MANILA, Philippines – “He’s not replying. What if he doesn’t love me anymore?” “Is he gonna leave me for someone better?” “Why is he acting weird? Is it my fault? “I knew it. He’s sick of me.”
Have any of these doomsday thoughts and questions plagued your mind while in a relationship? Whether you’re in a long-term relationship or just starting out with someone new, maybe these statements sound familiar to you, already having called yourself insecure, irrational, and an annoying over-thinker (I know I have).
Don’t worry; you’re not crazy, and you’re definitely not alone – this is what mental health professionals call “relationship anxiety,” and this experience may be more common than you think.
Help! What is relationship anxiety?
Anxiety is defined as “psychological distress” against a threat that is perceived or real. It’s also the fear of uncertainty, but this time, in the context of a relationship. Because being in a romantic relationship isn’t always rainbows and butterflies, anxieties may pop up often, especially if you’re already an anxious individual to begin with.
“Given that a romantic relationship is made up of two unique individuals with certain differences in vast aspects, like behavioral cues and beliefs, some thoughts may pop up, which can lead to feelings of worry, doubt, and insecurity. This is referred to as relationship anxiety,” clinical psychologist Macy Pamatian from mental health organization Empath told Rappler. This usually manifests through doubts that they still love you and insecurities that the relationship will fail because it’s “all your fault.”
Unlike anxiety, “relationship anxiety” is more contextualized and specific. “There is generalized anxiety disorder, which does not have a specific trigger for anxiety. There is also social anxiety or social phobia, which is the fear of being in social situations,” Macy said. Relationship anxiety isn’t deemed a a mental disorder; rather, it is considered “normal behavior” experienced by both men or women in a relationship.

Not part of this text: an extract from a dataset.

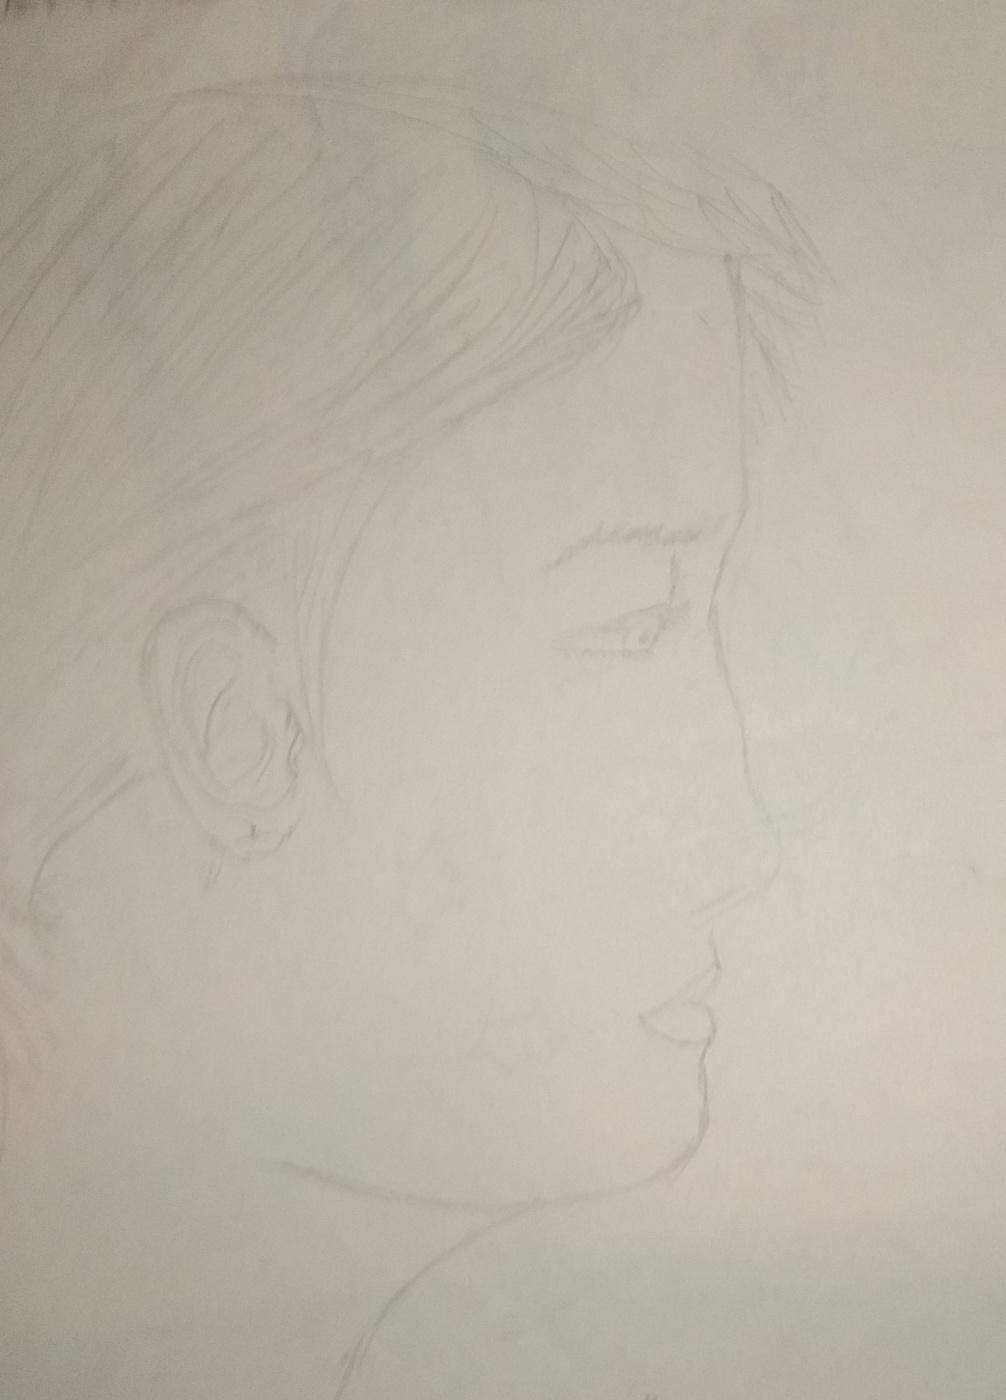 Zina Vladimirovna Parisva. Girl 3. Sketch

“If we look at anxiety in a continuum, there are anxieties that are normal while there are anxieties that are clinical, which require professional help. At any point in our relationships, we can experience normal anxiety, and this does not necessarily mean that we always have to consult a psychologist. There are instances when we can handle it on our own but there are also instances when we cannot,” Macy said.
So, what is the difference between normal doubts in a relationship vs. relationship anxiety? How do you know if you or your partner has it? And most importantly, is it treatable?

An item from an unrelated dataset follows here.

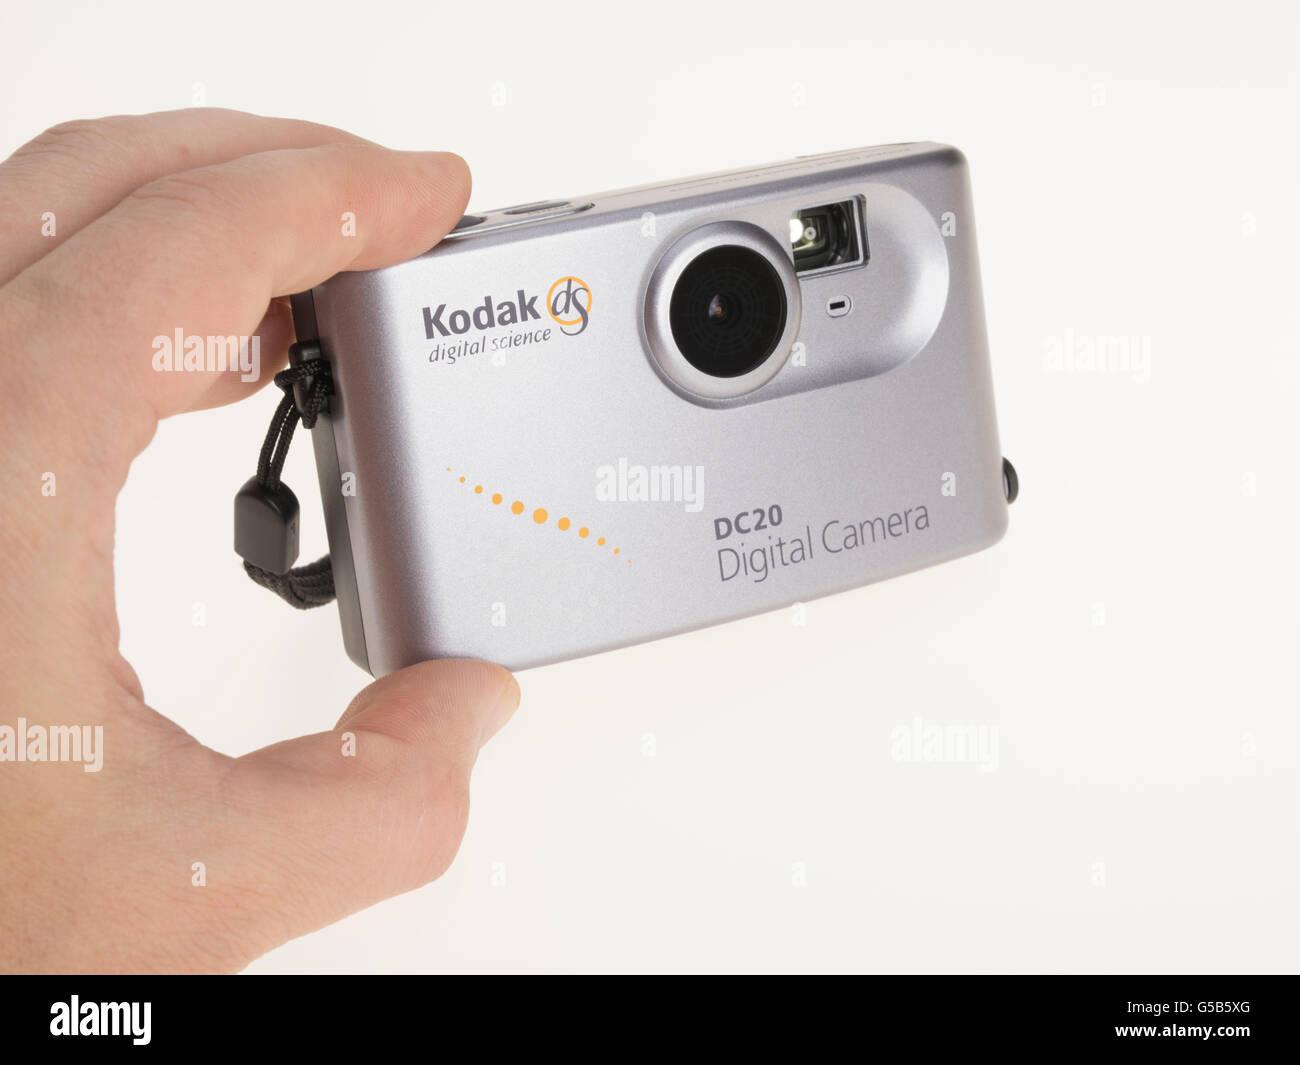 Kodak dS digital science DC20 digital camera released by Kodak in 1996 - Stock Image

Checking in with yourself: Do I have it?
Firstly, self-awareness is key! Just noticing that you are thinking these thoughts is the first step. But if at any point you begin to feel that your irrational thoughts and behaviors have become so debilitating that you cannot function normally as a partner, or that they are starting to impact the quality of your relationship, then you may already need to start doing the work.

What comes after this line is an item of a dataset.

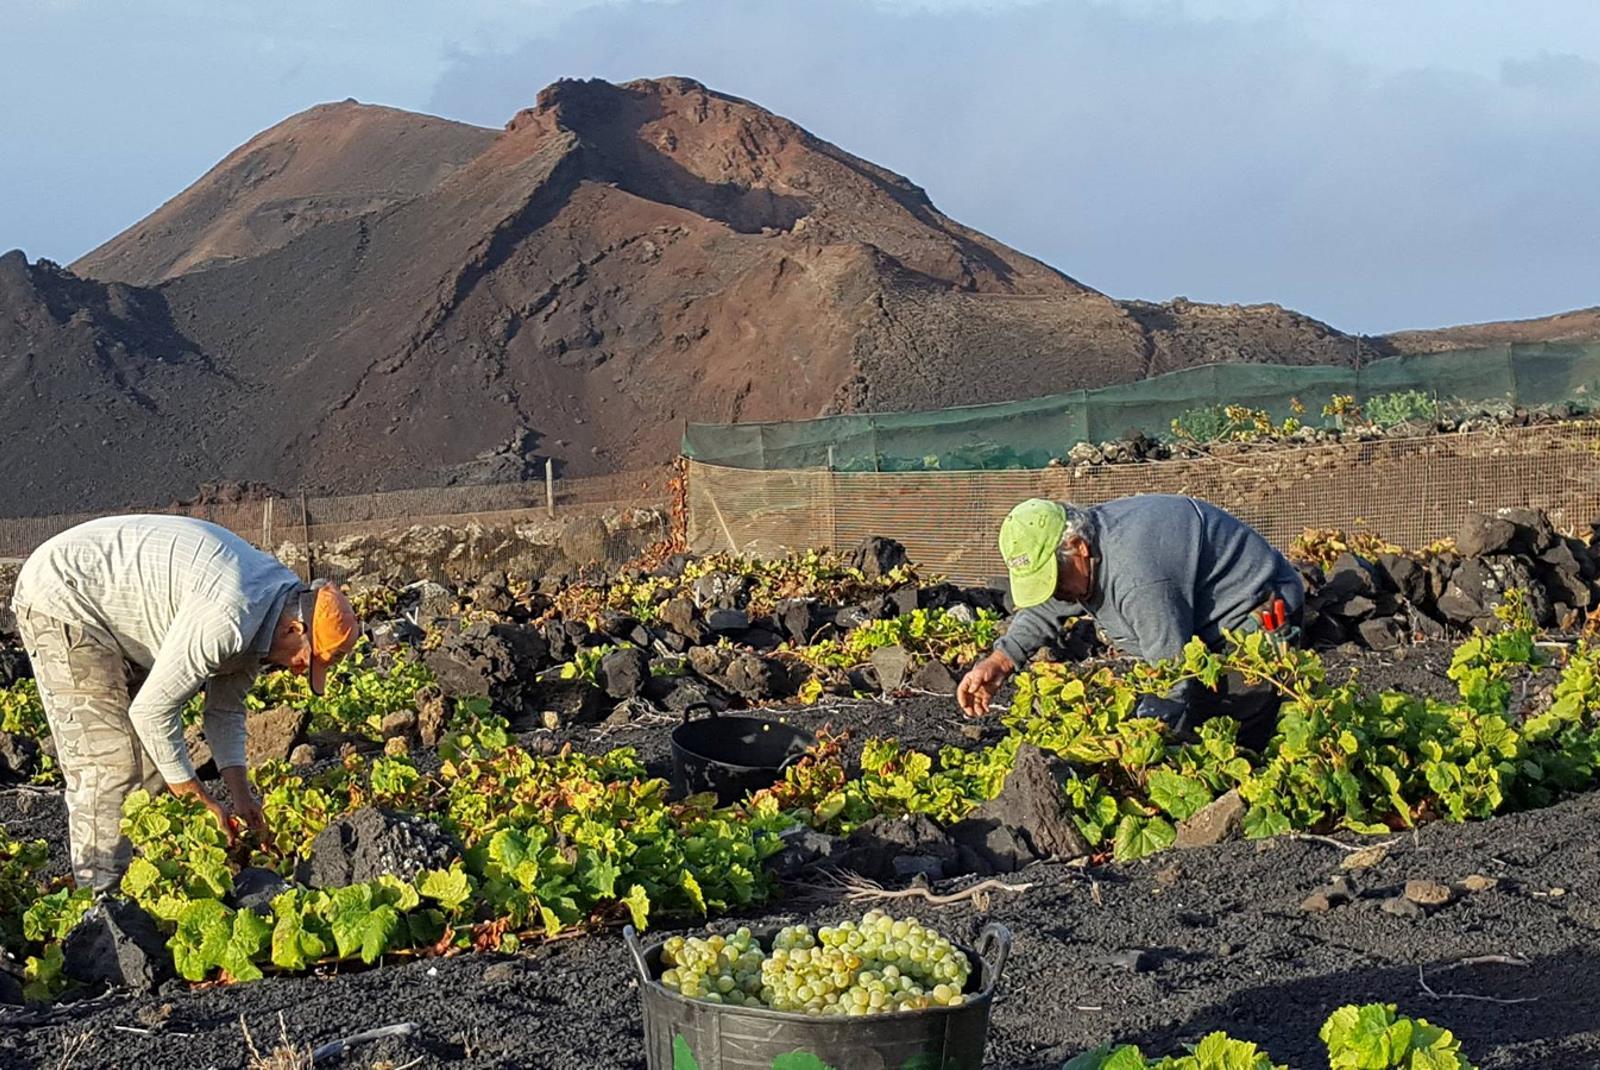 Visit-Bodegas-Teneguia-winery-with-wine-Tasting-3

For example: What kind of thoughts begin to creep up when you and your partner don’t see each other for a long time? “This happens especially to long-distance relationships. For some, they survive, but for others, they don’t. Why? Maybe there are negative thoughts about the fact that our partner is not around that keep us preoccupied,” Macy said.
Examples of these anxious thought patterns include: “I haven’t seen my partner in a long time and still, he/she doesn’t make any effort to see me. He/she does not even take time to reach out via calls. He no longer values me and our relationship,” or “My partner has so much time with other people but not with me. I wonder if he/she really misses me.” It could just be because he’s extraordinarily busy at work, or going through personal issues, but when it comes to relationship anxiety, there is no room for the benefit of the doubt.
How about if your partner doesn’t meet your expectations on how he “should” react towards you and your behaviors?
“This is very common in all relationships. There are these ‘difficult’ times for us when we feel betrayed or rejected because we didn’t receive what we are expecting. For example, not receiving an instant reply from your partner makes you wonder: “Is my partner mad at me?”, “Is my partner with another person?”, “Do I really matter to him/her?” Macy said.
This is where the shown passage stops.